しかし森若、27歳という妙齢ながら、仕事に打ち込みすぎて彼氏はいません。仕事とプライベートは分けたいと考えているので、社内で仲が良いのは研究部の同期ひとりです。
ところが営業部の山田太陽は、ひそかに彼女に惹かれているようで……。
- 著者
- 青木 祐子
- 出版日
- 2016-05-20
経理部員が主人公という珍しい設定が魅力の小説。漫画化やテレビドラマ化もされています。経理と聞くと難しそうに思えますが、さくさく読むことのできるライト文芸らしい作品だといえるでしょう。
本作の魅力は、主人公である森若沙名子に親しみを覚えやすいところ。金曜日は食事を少し贅沢にしたり、休日はネイルを変えてリフレッシュしたりと、小さな幸せを見つけながら暮らしている姿にほっこりできるのです。
さまざまな問題を解決しながらも、社内で角が立たないように白黒つけない終わり方をするのも特徴。会社勤めの「あるある」も盛り込まれていて、どんどん続きを読みたくなる物語です。
後宮に住んでいる烏妃(うひ)と呼ばれる妃は、謎の多い女性でした。妃として皇帝と一夜を過ごすこともなく、ひっそりとひとりで暮らす彼女は、術を操り、どんな頼み事も引き受けてくれるらしいのです。

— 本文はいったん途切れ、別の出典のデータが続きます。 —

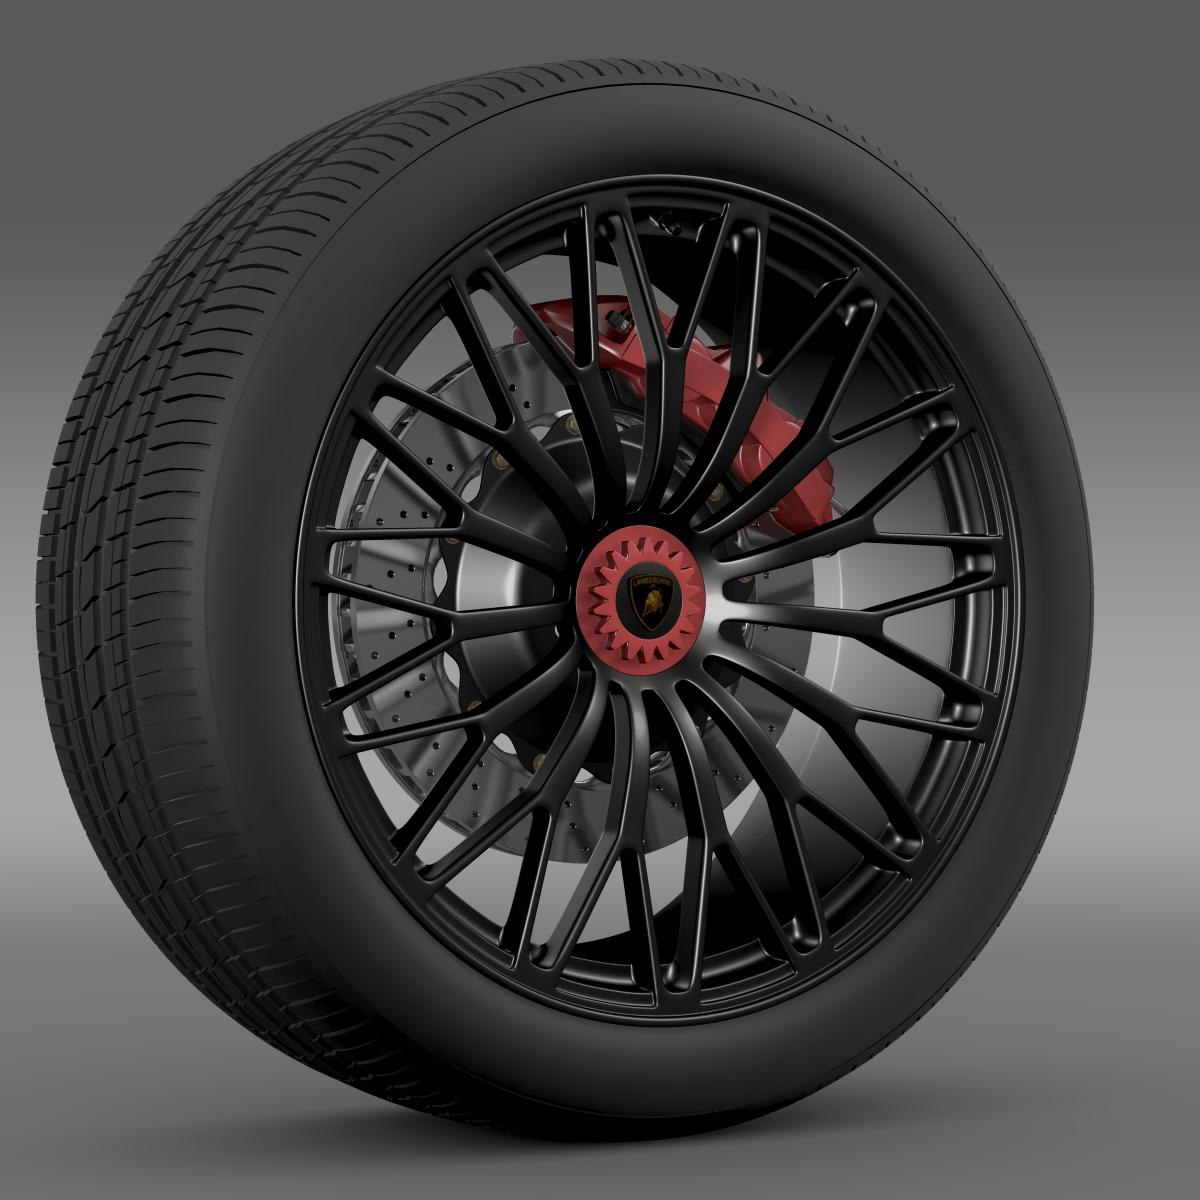 lamborghini aventador lp 750 4 sv wheel 3d model 3ds max fbx c4d lwo ma mb hrc xsi obj 210714

母を皇太后に殺された悲しい過去をもつ皇帝の高峻は、とある頼みをしたくて彼女のもとを訪れます。それは、耳飾りに憑いているらしい幽霊の正体を知ること。
しかし烏妃と皇帝の出会いは、歴史を大きく動かすことになるのでした。
- 著者
- 白川 紺子
- 出版日
- 2018-04-20
孤独な運命を生きる妃と、悲しい過去をもつ皇帝を描いた中華ファンタジーです。独特の名前や設定に躊躇してしまう方も多いかもしれませんが、読み始めればすっと物語の世界観に入っていけます。
烏妃がまとっているもの悲しい雰囲気や、一見孤独で冷たい態度をとっているように見える彼女が実は人情深いところなど、読者の心を掴む要素も満載。
彼女と高峻が出会うことで明らかになっていく謎を知っていくほど、続きが気になってしまうはずです。傷ついた2人の未来はどうなるのでしょうか。
気になる作品は見つかりましたか?ライト文芸はどれも読みやすく、ストーリーも面白いものばかりです。本が好きで新しいジャンルを探している方も、普段はなかなか読書をしない方も、ぜひ読んでみてください。